Armitage’s identity is also questionable. Armitage is his new persona, completely different from his past, Colonel William Corto. Technology was used to manipulate Corto, completely physically and mentally, in order for him to believe he was his new identity. However, when Armitage starts to break down he reverts back to the past. He starts talking as if he was Corto, his old facade. The reader therefore questions if techonolgy was able to completely replace identity or was the real Corto always still there. With all of the technologic advances to make Corto a new person, he still reverted back. Gibson here demonstrates how the use of technology in this society questions the real role of identity in Armitage.

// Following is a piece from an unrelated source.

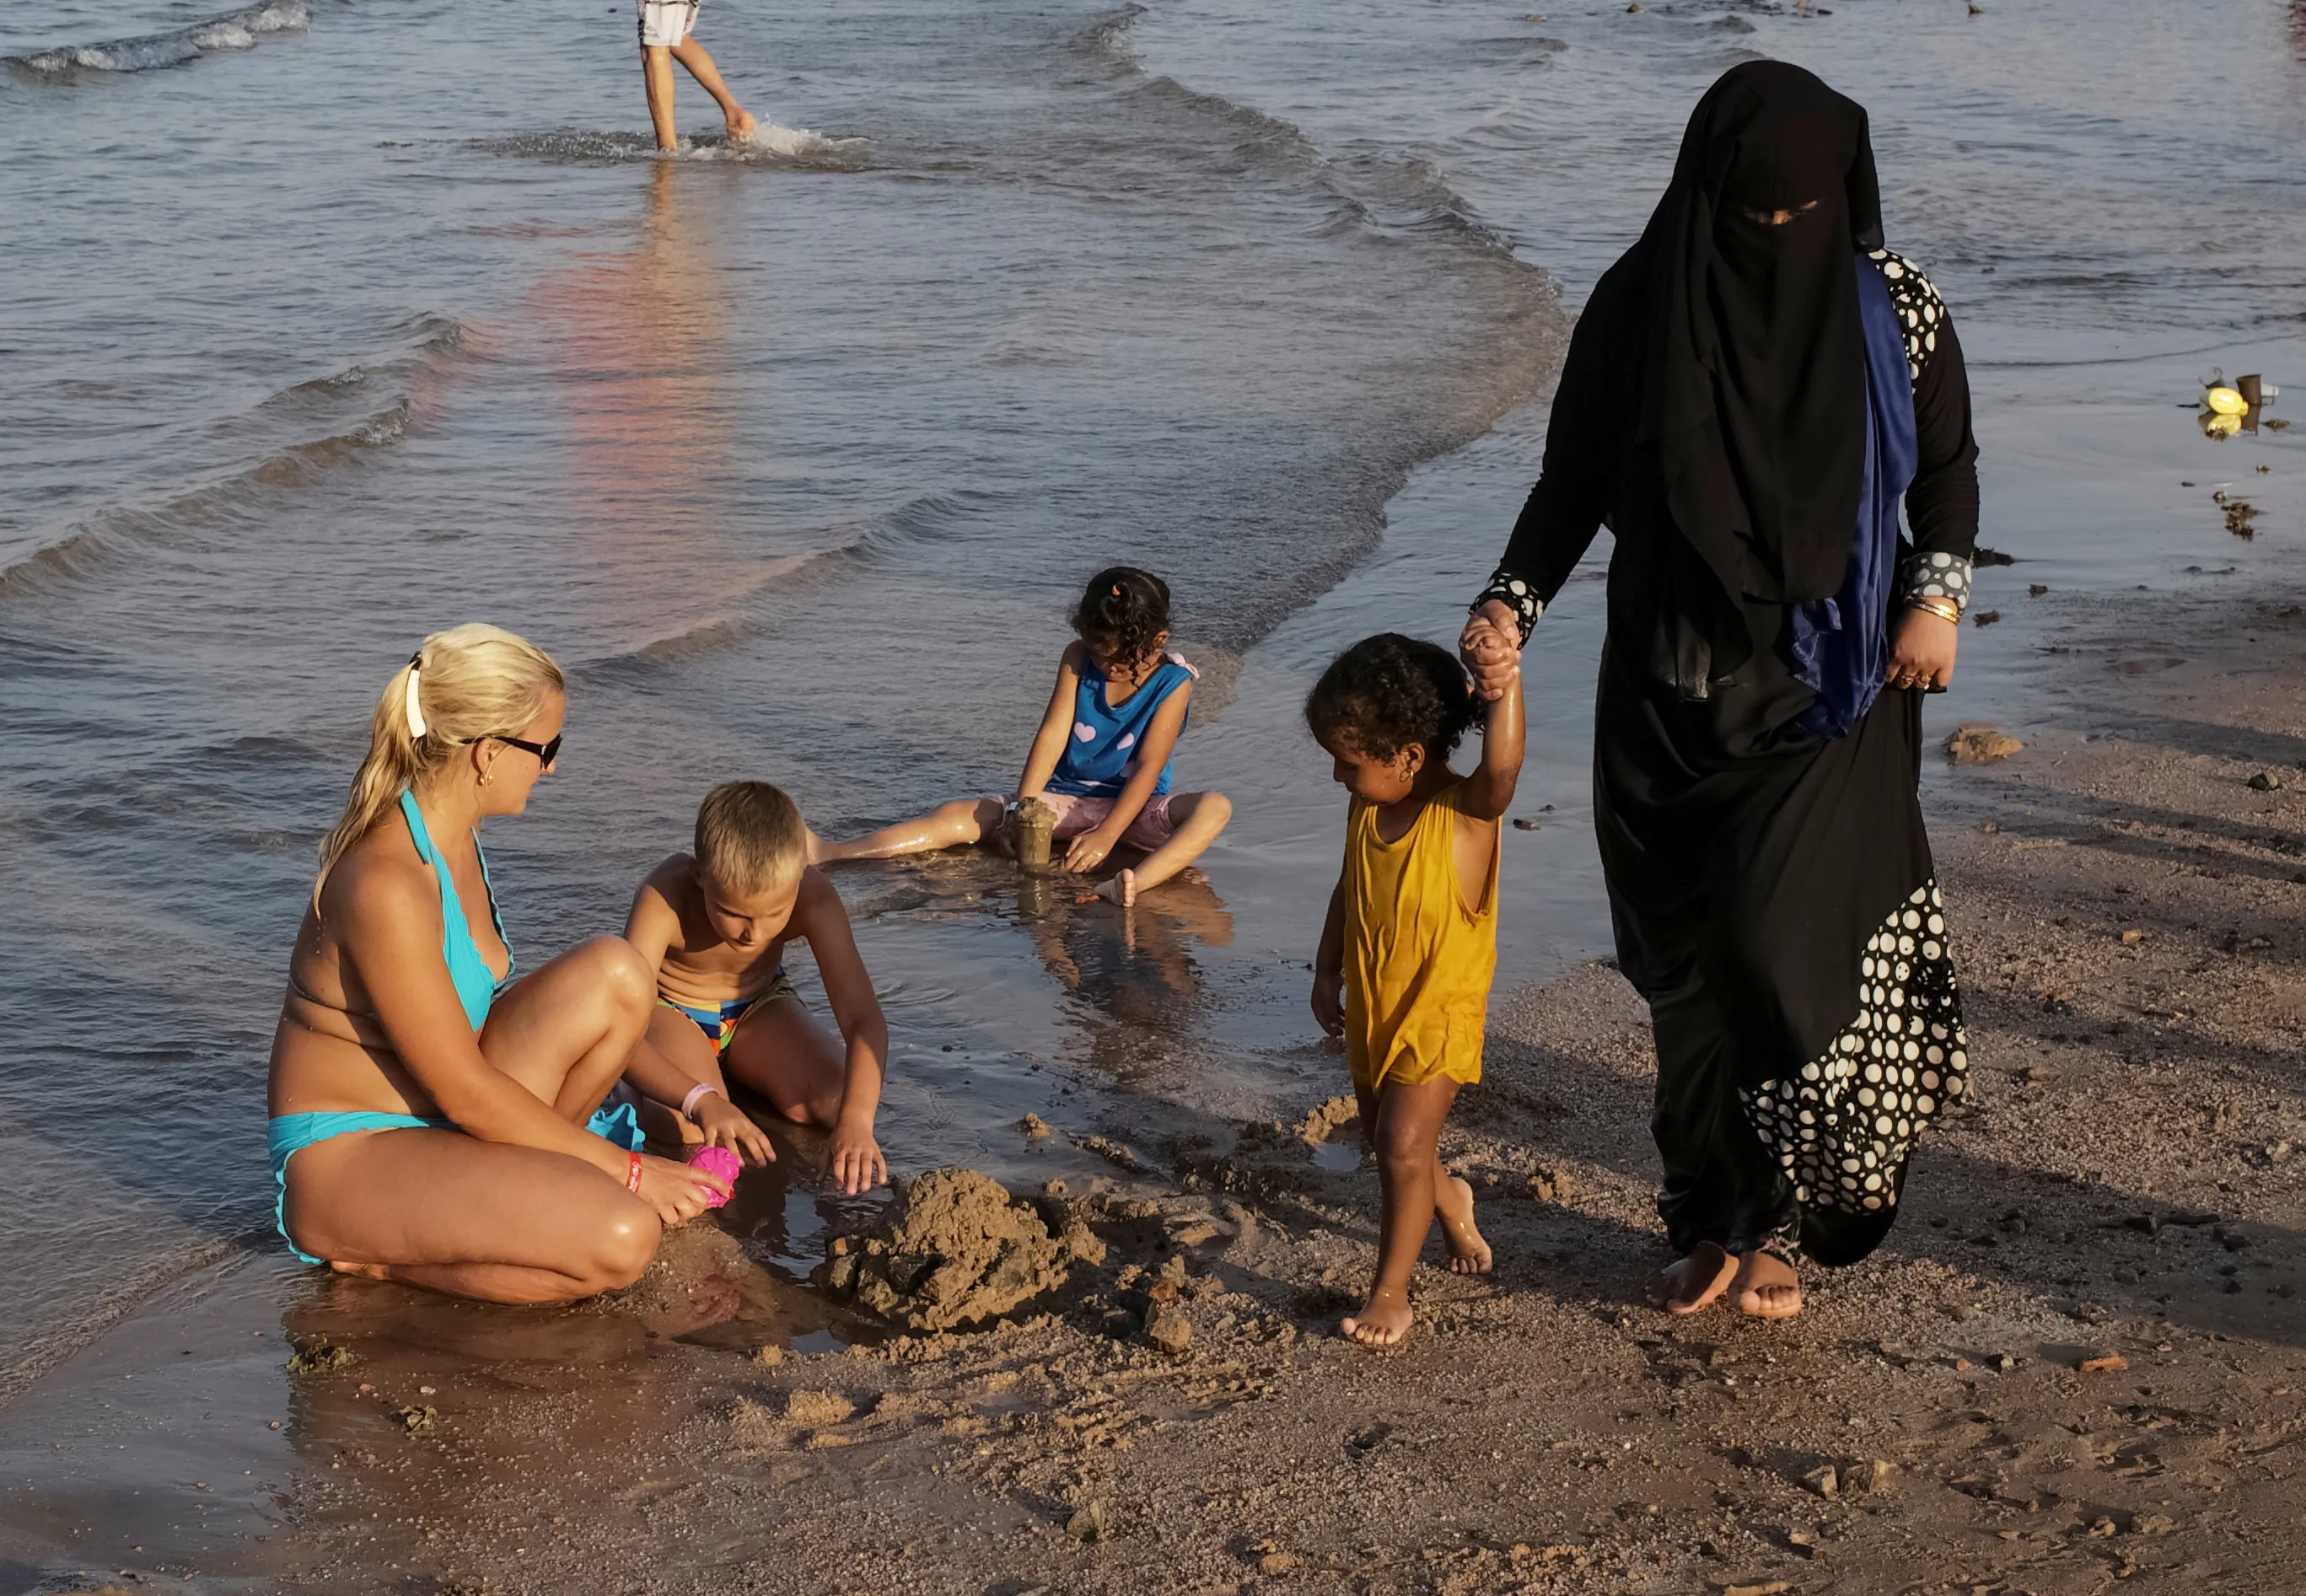 Купания страна. Буркини Хургада. Египет люди на пляже. Египет пляж дети. Египетские девушки на пляже.

Gibson delineates through these characters that in such a high technologic world, the uniqueness and individuality of each person can be mutilated. The identity of one person can easily become the identity of someone else. Or even more so the identity of a person can completely change. Gibson perhaps wants the reader to grasp the concept that the most interesting part of human nature is that all of humanity is different, and with technology that facet can unfortunately change.
Case, the protagonist of Neuromancer, fully encapsulates society’s reliance on technology. Humanity completely relies on the use of technology to go through daily life. Previously, Case, a cyberspace cowboy, was able to enter cyberspace and manipulate the digital world. Once he stole from his previous employers, his ability to enter this alternative world was eliminated. Without cyberspace, Case, so reliable on the technology to allow him to escape from reality, feels like the physical world is inherently uninteresting and worthless.

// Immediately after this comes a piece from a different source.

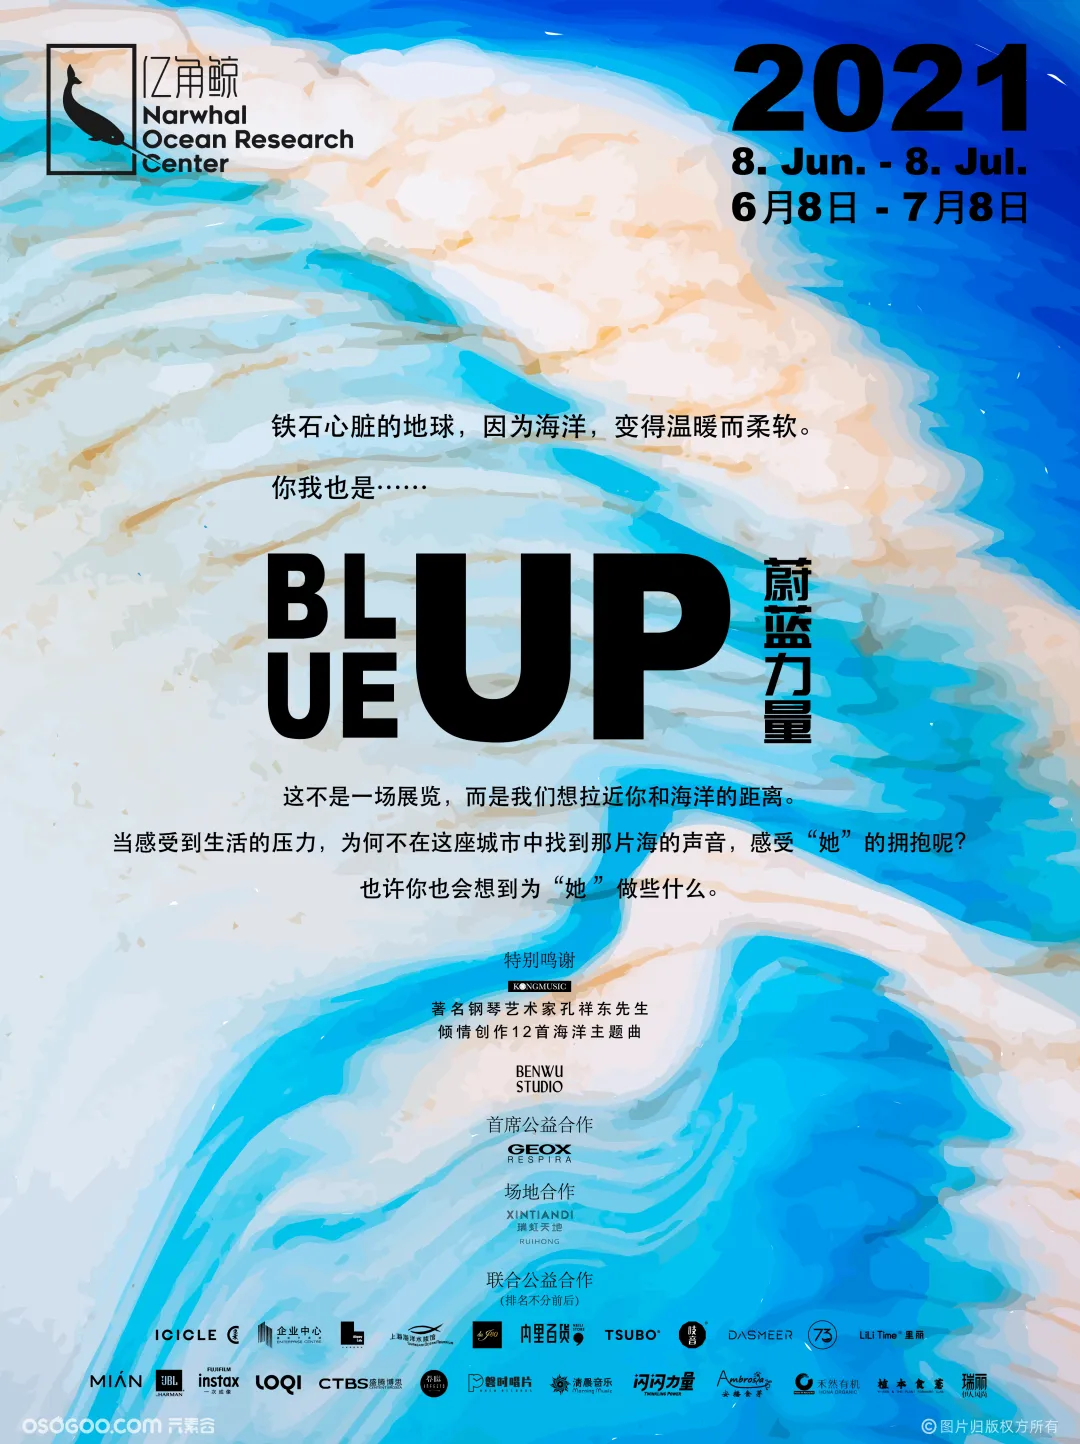 「BLUE UP蔚蓝力量」城市艺术公益活动

Later in the novel, the audience discovers Armitage, a man who wants to hire Case for his computer hacking skills. Case is immediately uninterested in this criminal activity that abandoned him from entering the technologic world he so loved. Case claimed he is “never gonna punch any deck again, not for you or anybody else” (Gibson, 38). Yet, when Armitage informs Case that he is able to reverse the neural damage that prevents Case from entering cyberspace, Case immediately asks what it will cost him. Case so quickly jumps on to any endeavor that lets him use his beloved technology again.

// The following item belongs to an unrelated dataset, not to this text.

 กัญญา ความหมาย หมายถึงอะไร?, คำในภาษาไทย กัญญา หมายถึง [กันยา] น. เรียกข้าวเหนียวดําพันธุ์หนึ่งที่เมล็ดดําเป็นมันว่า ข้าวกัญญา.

In addition to entering cyberspace, Case uses the flipflop switch to experience what Molly is experiencing at that moment. This combines both Case and Molly’s sensory experiences through the use of technology. The normal world has become outdated and uninteresting to the characters of this novel. Like our world today, they rely heavily on technology, not only to make things easier but also to add life and excitement to the seemingly monotonous world. Case uses technology as an escape from his own reality, entering alternate worlds and even entering realities of others. Case thrives off of technology, as he was depressed and unimpressed with his world without it. Perhaps Gibson is ultimately trying to convey the fact that as technology has so severely evolved, society’s perception of reality without it becomes insipid.